New Jersey Lawmaker Proposes Student Loan Lottery

Posted on: July 9, 2015, 03:37h. 

Last updated on: July 9, 2015, 03:40h.

New Jersey student loan lottery
Rising student loan debt has become a contentious issue across the United States. (Image: Getty Images)

Student loan debt has become a major issue in the United States, as Americans now owe about $1.2 trillion in college debts.

Those debts have proven crippling for many former students who are just starting their careers, leading to many calls to find a way to help reduce or forgive at least some of the debt.

One particularly unusual proposal has come this week from New Jersey State Assemblyman John Burzichelli (D-Gloucester), who says that those with student loans should have the chance to gamble away their debts.

He is proposing that New Jersey become the first state to establish a lottery that would be exclusively designed to eliminate student debt.

“We have people graduating from universities with just too much on their shoulders,” Burzichelli said. “That hampers them from doing other things when they reach the workforce.”

New Jersey Students Deeply In Debt

New Jersey has a particularly high rate of student debt.

Seventy percent of 2013 graduates in New Jersey had at least some student loan debt, and the average borrower in 2014 had $28,109 in loans.

The student loan lottery would seek to remedy this by awarding prizes that are designed to be just enough to pay off each student’s loan debt.

The lottery would be operated by a private company and conducted by the New Jersey Lottery Commission.

Before signing up for the lottery, a current or former student would have to register information about their debt.

If they were chosen as the winner, they would receive only enough to cover their student loans; any additional money would roll over and additional winners would be chosen until the pool was exhausted.

Tickets would be required to cost three dollars or less, and students would be limited to spending a maximum of 15 percent of their student loan debt on tickets. Others could also buy tickets on behalf of a student.

Meanwhile, the company running the lottery would take 25 percent of the money collected. Other details are still being worked out, Burzichelli says.

The main appeal, however, would be the limited focus of the lottery.

While the prize pools for these lottery games would certainly be smaller than a game like Powerball (or even a typical state lottery), the chances of winning would also be higher.
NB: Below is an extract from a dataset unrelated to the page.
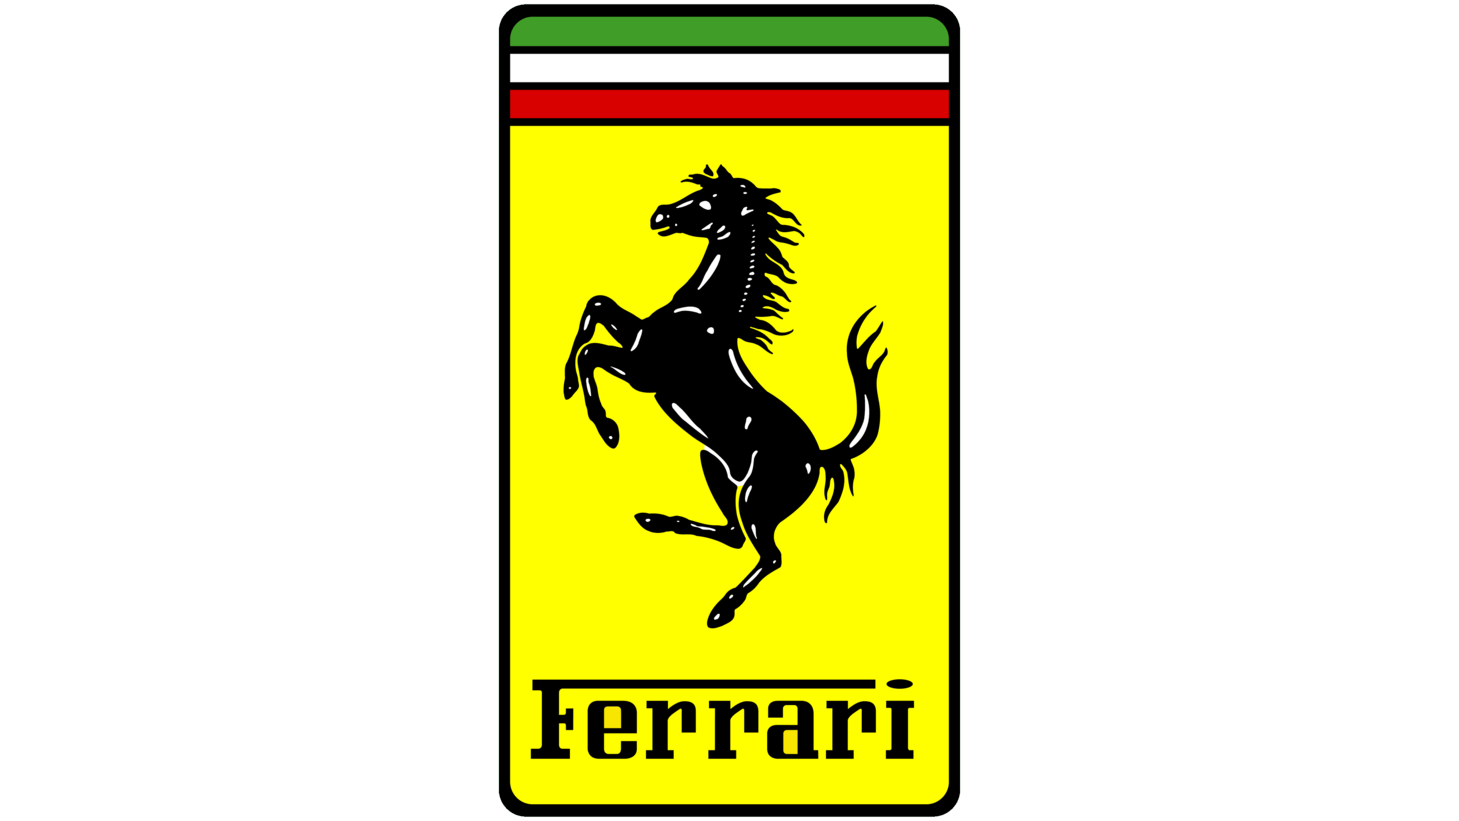 Ferrari scuderia sign 1994

Student Loan Experts Question Lottery Effectiveness 

But while the prospect of suddenly having one’s student loan debts disappear thanks to a winning ticket may sound appealing, many activists who are working on the nationwide issue believe that a lottery is simply the wrong way to go.

“Gamble to pay off your student loan? It’s all kinds of wrong,” said Natalia Abrams of Student Debt Crisis, a Los Angeles-based advocacy group. 

The issues with the lottery could be numerous. There’s the fact that for most players, losing in the lottery will add more debt rather than help solve their problems.

Plus, the taxes a winner would face on their winnings could result in a hefty tax debt to replace the loans that are now paid off.

And then there is the 25 percent that will be kept by the company running the lottery.

Because this money is coming out of the prize pool, it means that far more student loan debt would be paid down if players just used the money for tickets to pay those loans rather than risk it on the lottery.

“The only winner would be the company running the lottery who gets 25 cents on every dollar,” said Lauren Asher, president of the Institute for College Access and Success.